On Fire İle İlgili Cümleler İngilizce Cümle İçinde Kullanımı
On Fire
On fire, Türkçe karşılığıyla “yanmakta olan, ateşli, tutuşmuş” anlamına gelir. İşte on fire kelimesinin örnek cümlelerle kullanımı:
- My kitchen is on fire! We need to call the fire department. (Mutfakta yangın var! İtfaiyeyi aramamız gerekiyor.)
- The crowd was on fire during the concert. (Konser sırasında kalabalık ateşliydi.)
- The new company is on fire with its innovative ideas. (Yeni şirket yenilikçi fikirleriyle ateşli bir şekilde ilerliyor.)
- He was on fire during the game, scoring three goals. (Maç sırasında üç gol atan, ateşliydi.)
- The city was on fire during the riots. (Ayaklanma sırasında şehir alev alev yanıyordu.)
- The building was on fire and everyone had to evacuate. (Bina yanıyordu ve herkes tahliye edilmek zorundaydı.)
- The dance floor was on fire with people dancing to the music. (Dans pisti, insanların müziğe dans ederek ateşlendiği bir yerdi.)

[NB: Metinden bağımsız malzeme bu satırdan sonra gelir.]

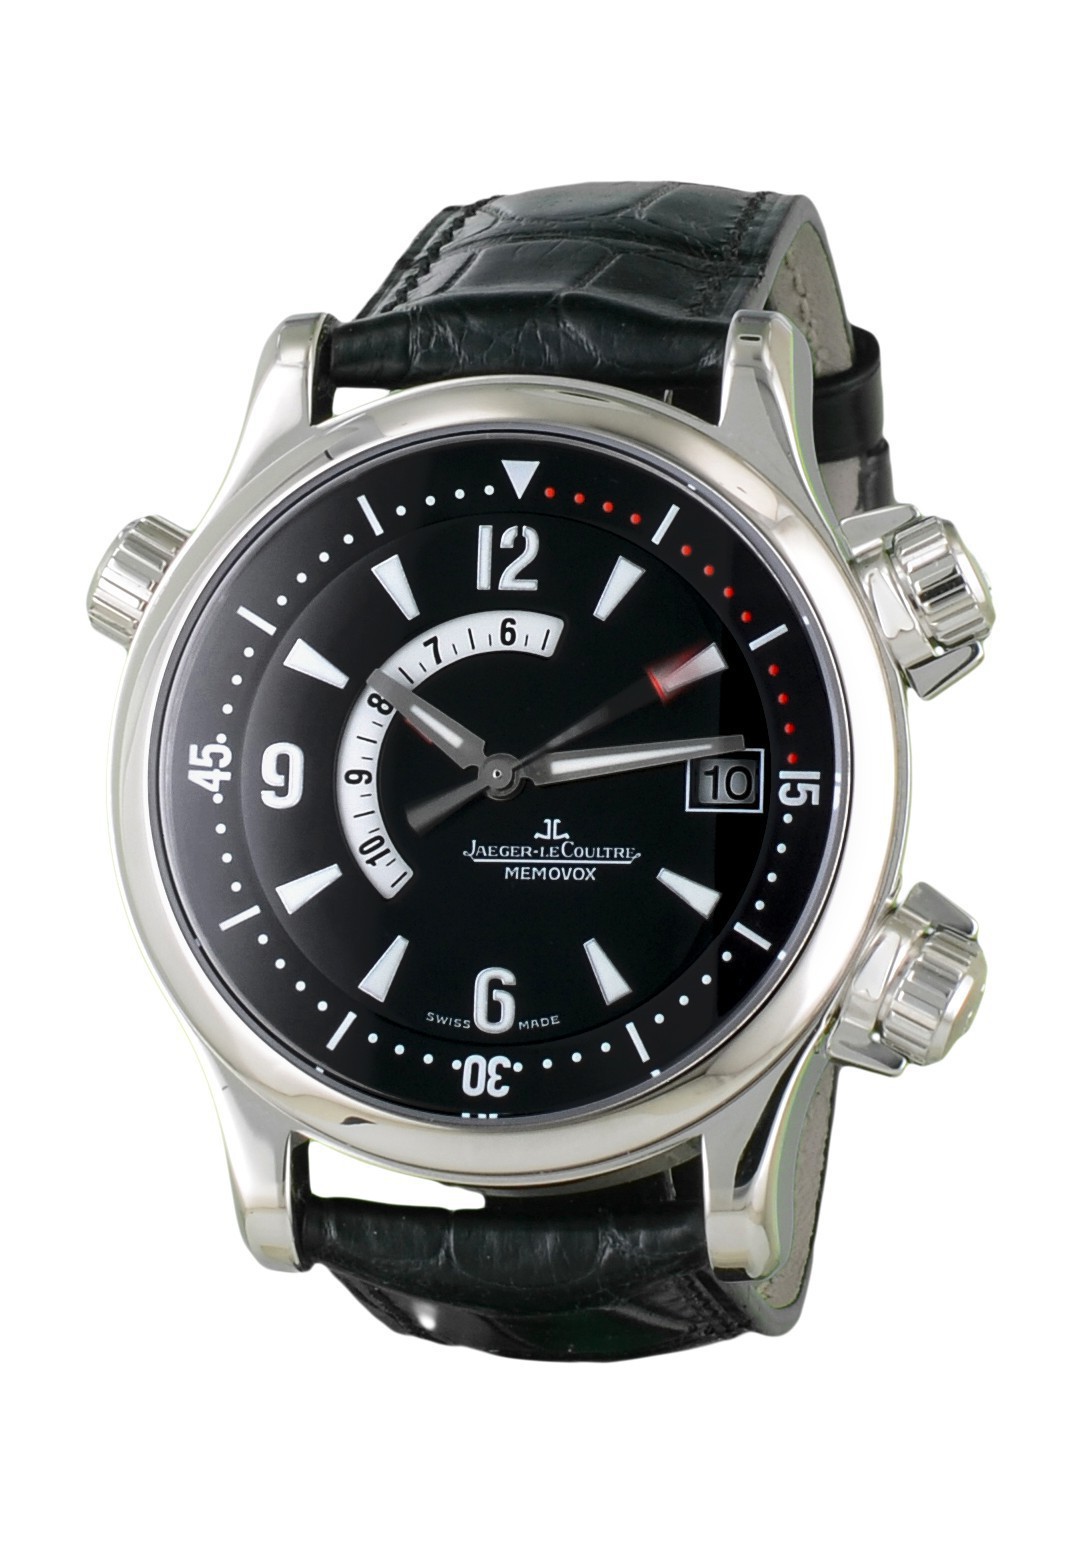 Jaeger - LeCoultre Master Compressor Memovox 42mm in Stainless Steel
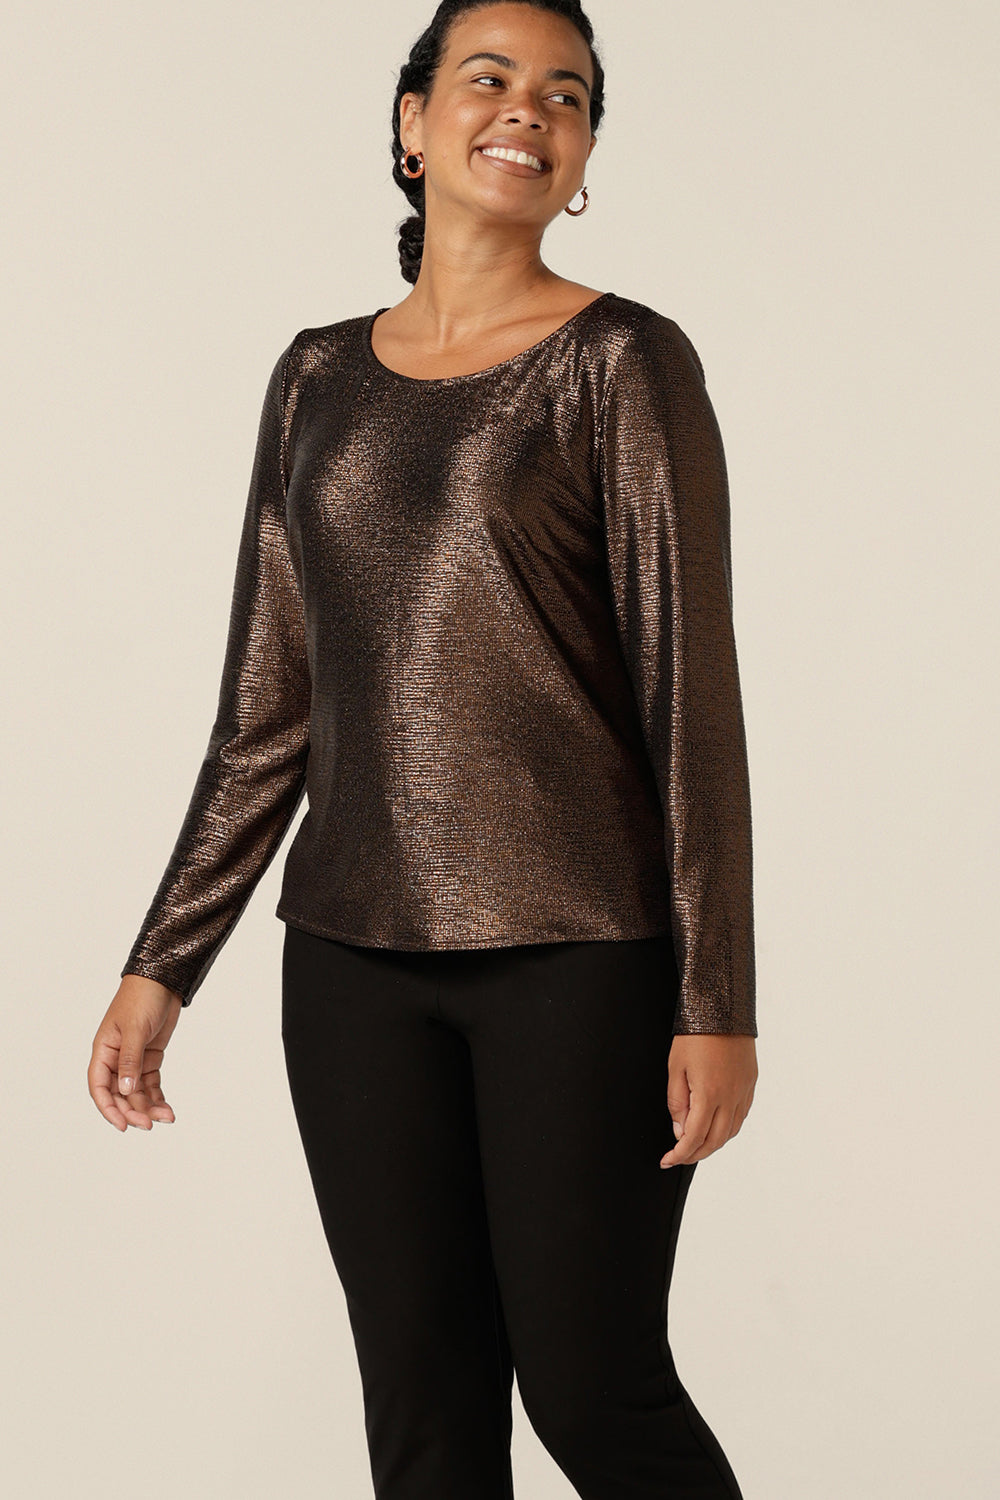  Look good in long sleeved occasionwear with this sparkly top by Australian and New Zealand women's clothing brand, L&F. With a high scoop neckline and long sleeves, this shimmering stretch jersey top is worn with slim leg black evening trousers. A comfortable, modest top for women from petite to plus sizes and great too, for 40 plus women looking for stylish cocktail and event wear.

- The athlete was on fire, breaking the world record. (Sporcu ateşliydi ve dünya rekorunu kırdı.)
- The oven was left on and the food caught on fire. (Fırın açık bırakıldı ve yemek tutuştu.)
- The sunset sky was on fire with vibrant colors. (Günbatımı gökyüzü canlı renklerle yanıyordu.)
- The forest was on fire and firefighters were trying to control it. (Orman yanıyordu ve itfaiyeciler kontrol altına almaya çalışıyordu.)
- The singer’s performance was on fire, leaving the audience in awe. (Şarkıcının performansı ateşliydi ve seyirciyi hayran bıraktı.)
- The engine of the car was on fire and we had to pull over. (Arabanın motoru yanıyordu ve kenara çekmek zorunda kaldık.)
- The fireworks lit up the sky and it looked like it was on fire. (Havai fişekler gökyüzünü aydınlatıyordu ve adeta yanıyormuş gibi görünüyordu.)
- The painting was on fire with bright colors and bold strokes. (Tablo canlı renklerle ve cesur vuruşlarla ateşliydi.)
- The athlete was on fire, finishing the race in record time. (Sporcu ateşliydi ve yarışı rekor sürede bitirdi.)
- The chili was on fire, causing everyone to reach for their water glasses. (Biber baharatı ateşliydi ve herkes su bardaklarına uzandı.)
- The volcano was on fire, spewing lava and ash into the air. (Volkan yanıyordu ve lav ve küller havaya fışkırıyordu.)
- The singer’s voice was on fire, hitting every note perfectly. (Şarkıcının sesi ateşli
- The competition was on fire, with both teams giving their all to win. (Yarışma ateşliydi ve her iki takım da kazanmak için ellerinden geleni yapıyordu.)